Start of The data
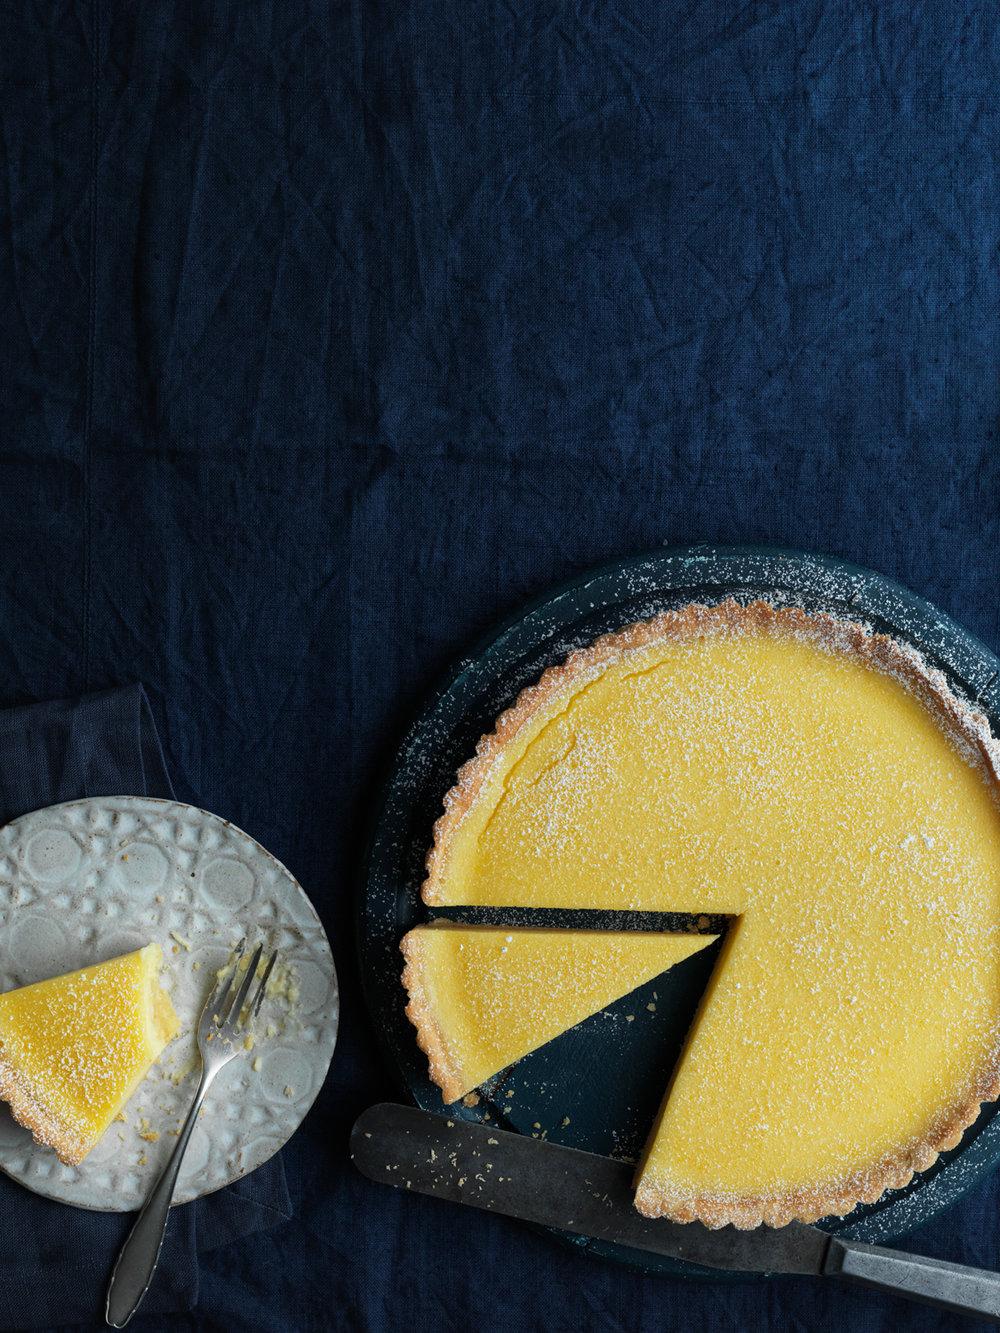 Waitrose_Lemons_20.10.16_LemonTart - 333.jpg
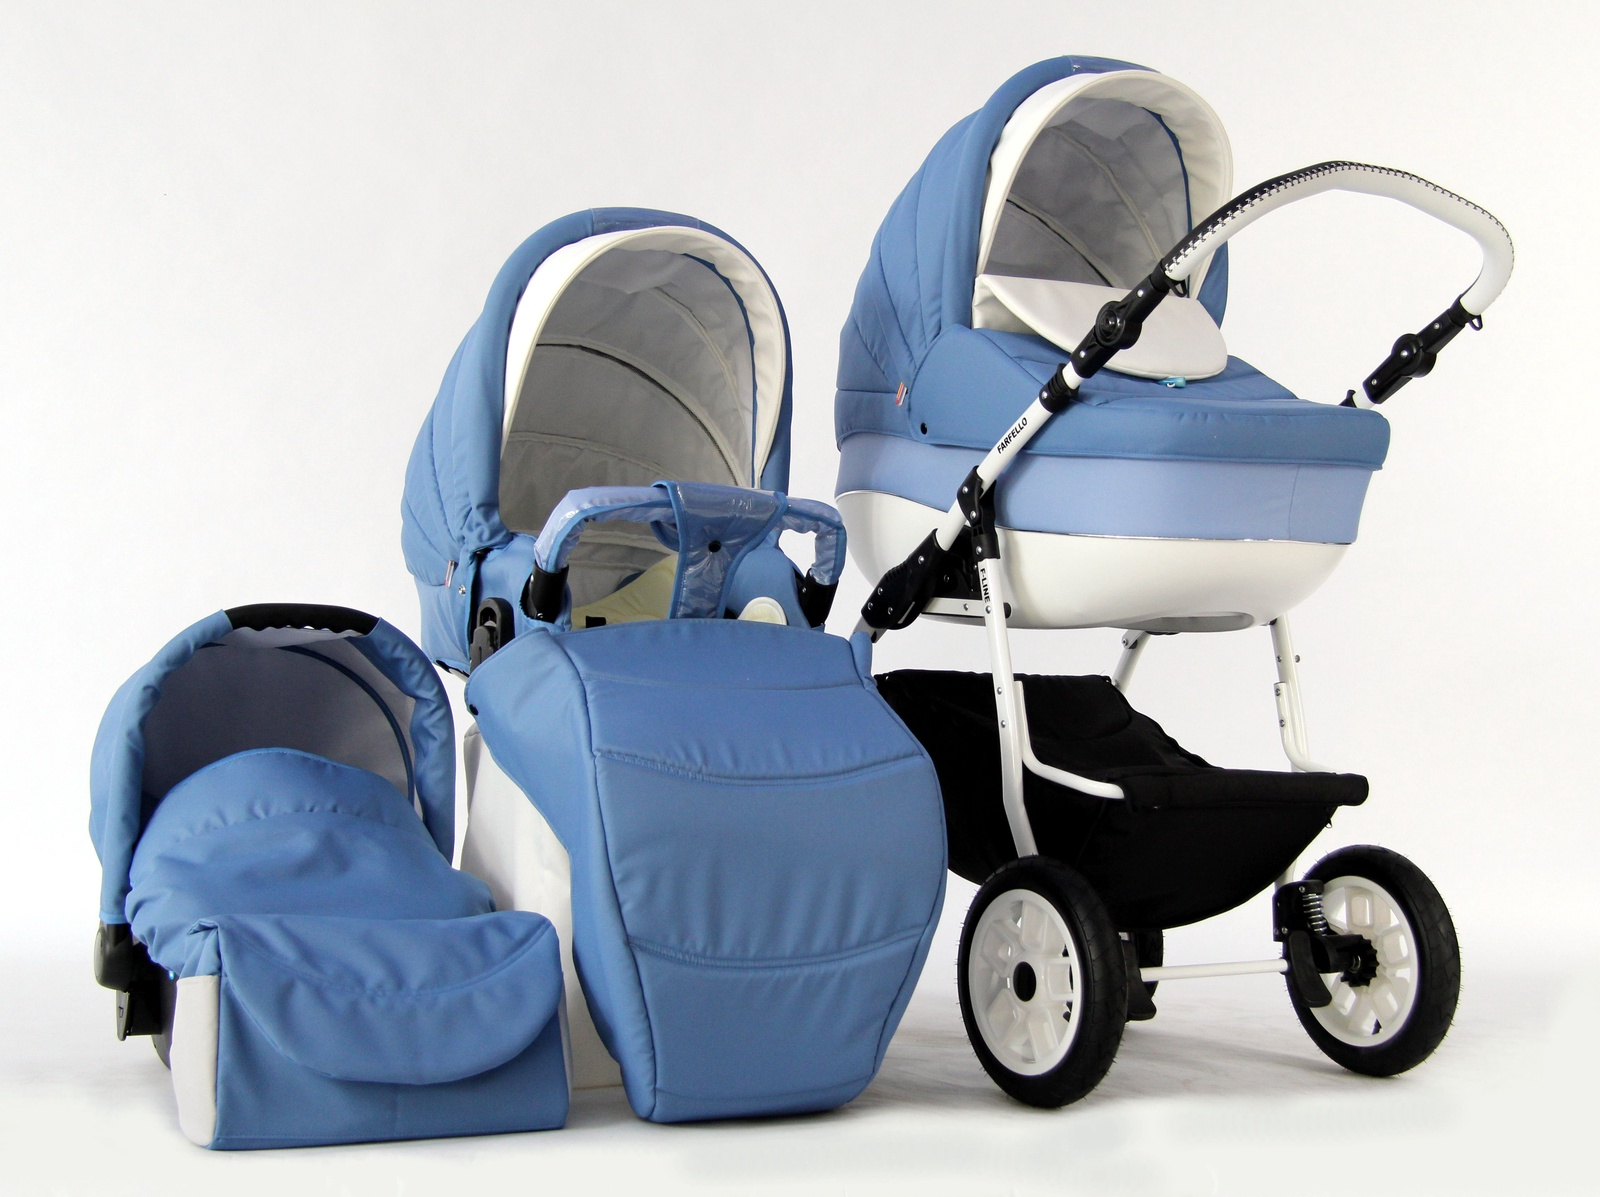 Коляска-люлька Farfello FORTUNA F-line 3в1 голубой коляска модульная vikalex ferrone 2 в 1 leather white vi72301
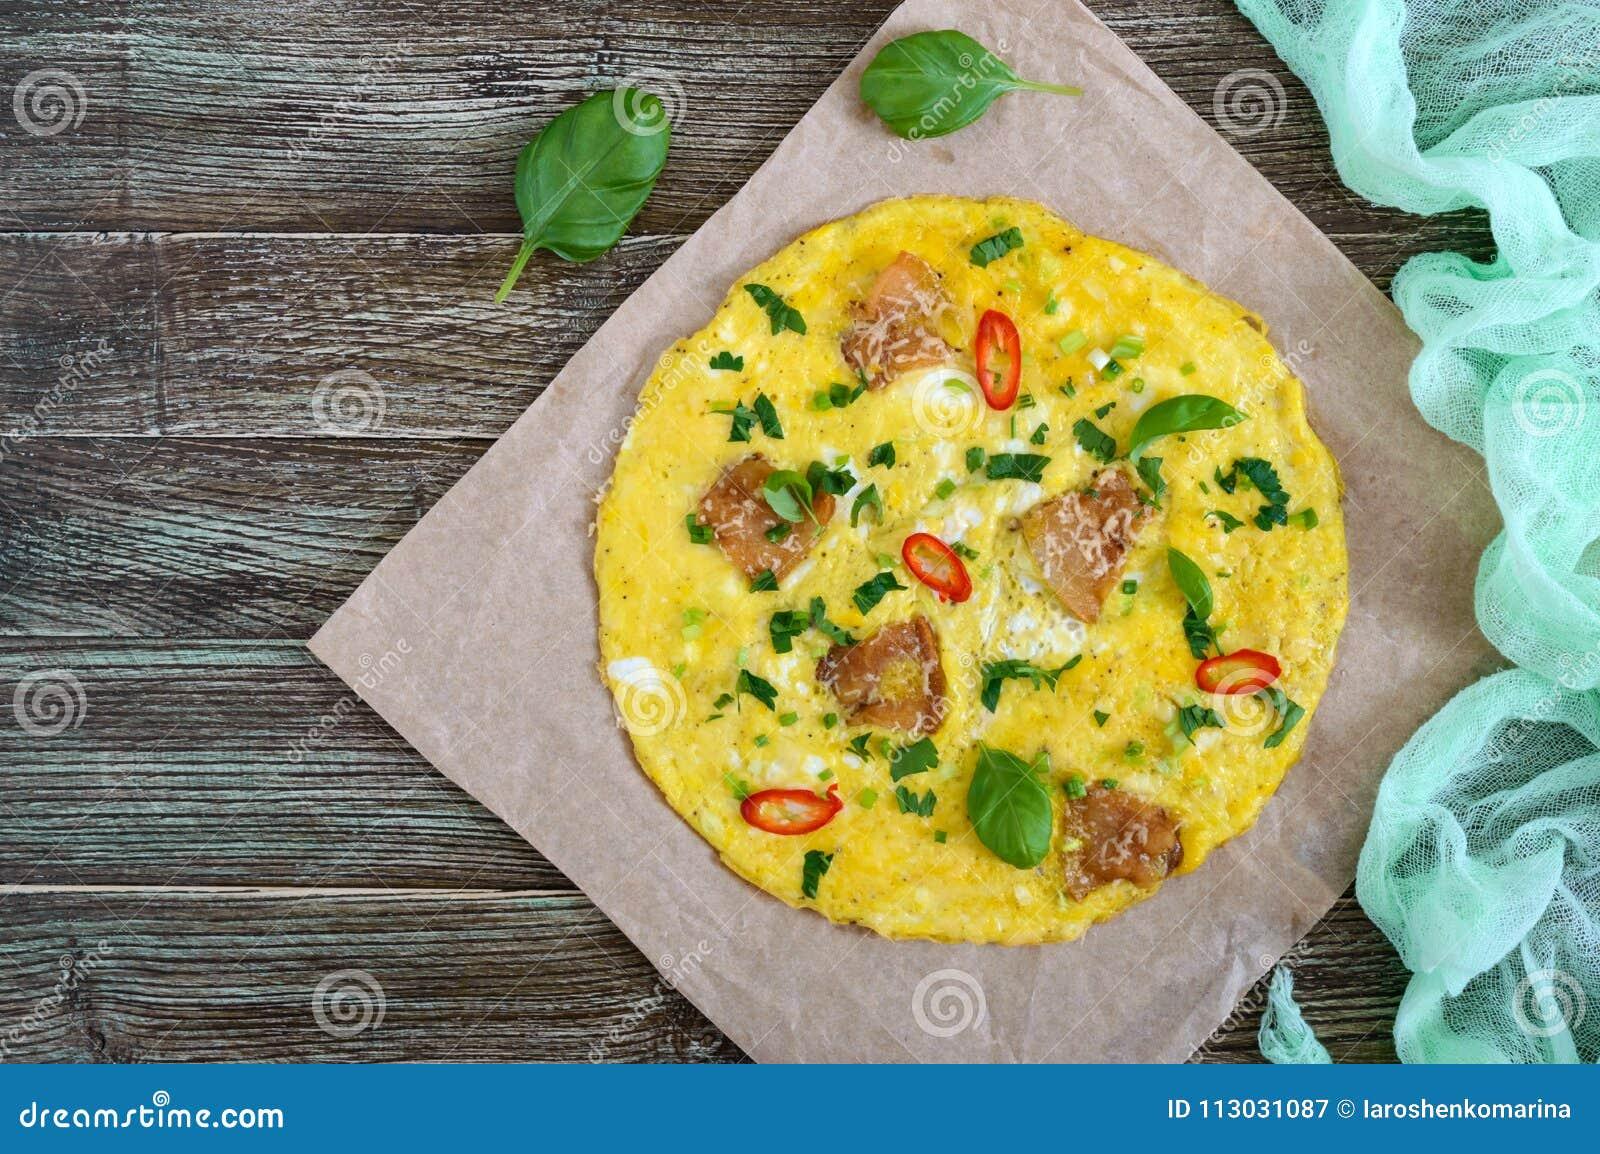 Tortilla con tocino, verdes y queso en una tabla de madera Desayuno
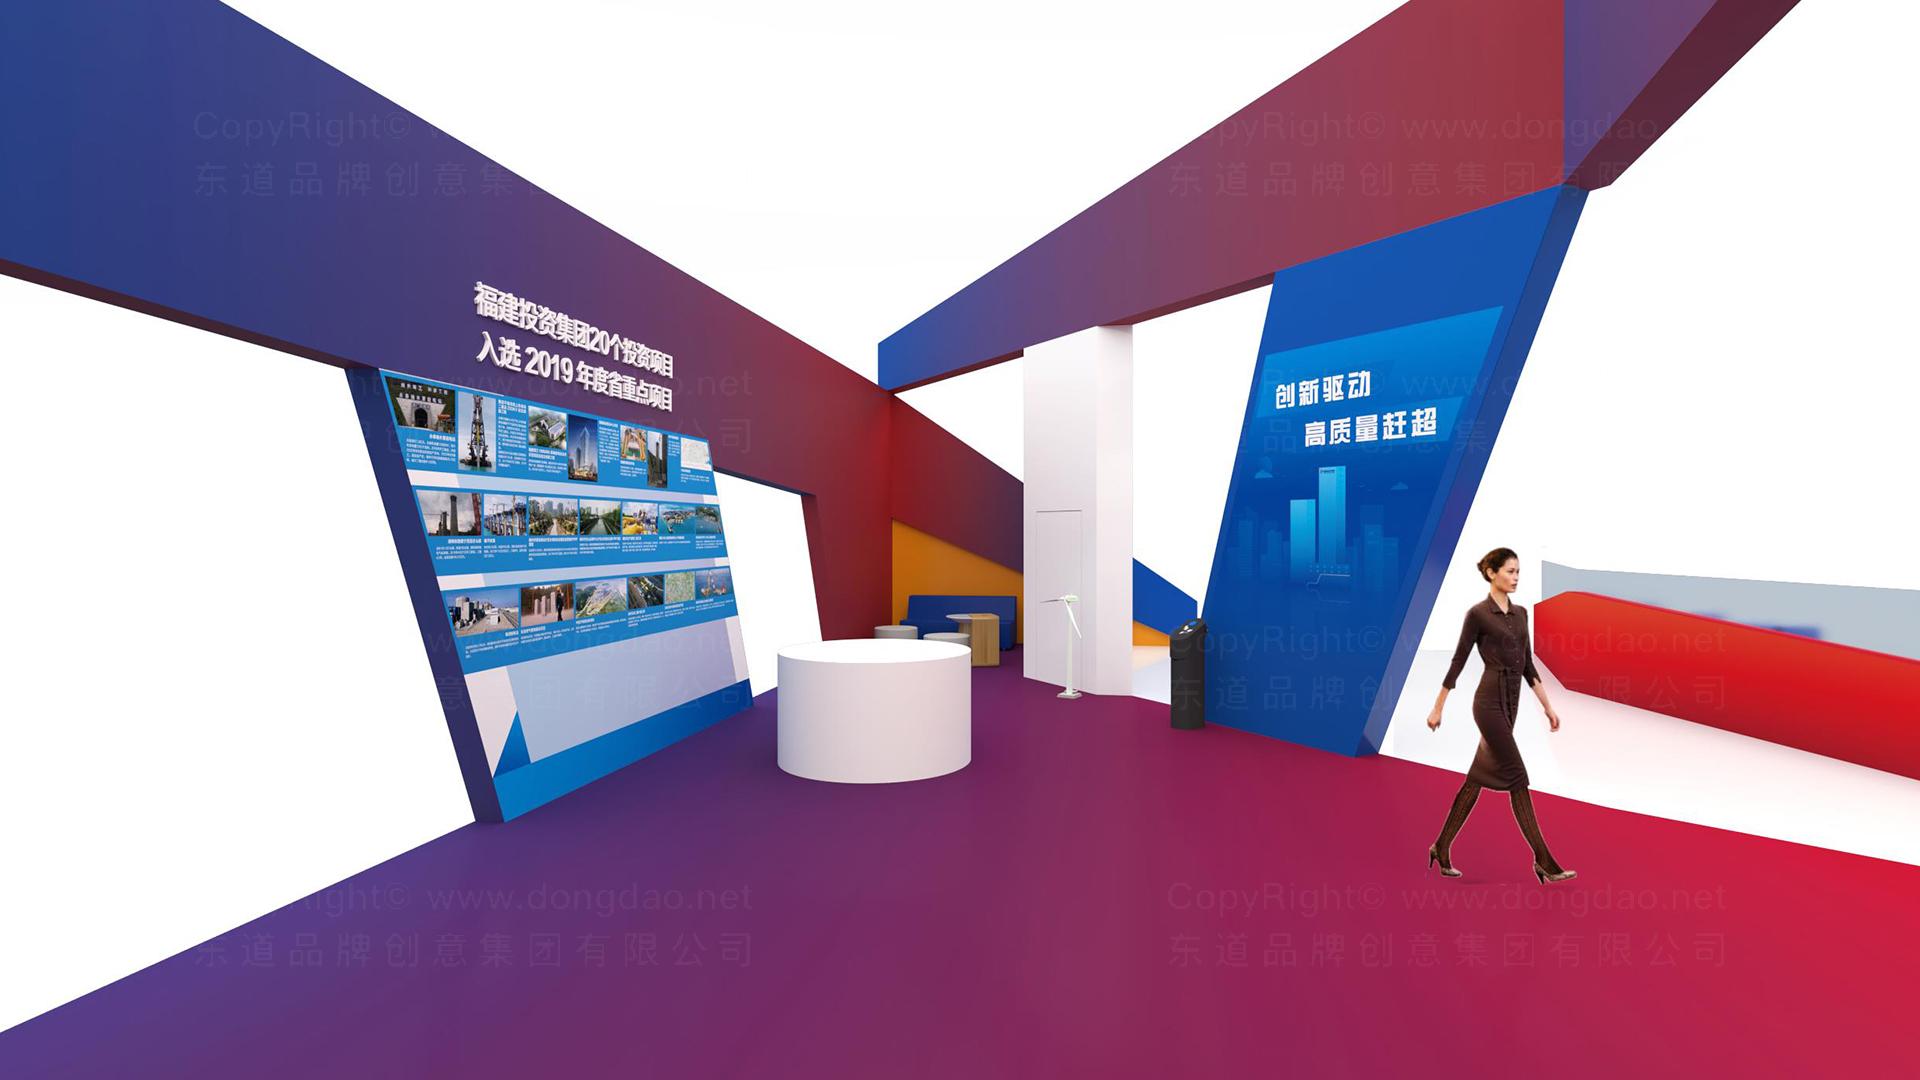 案例海峡金桥展馆设计
End of The data
» Exercise objective
Copy nothing but the lines from the one containing "Tortilla con tocino, verdes" through the last line of the listing above, transcribed exactly and with no pictures.

» Answer area
 Tortilla con tocino, verdes y queso en una tabla de madera Desayuno
 案例海峡金桥展馆设计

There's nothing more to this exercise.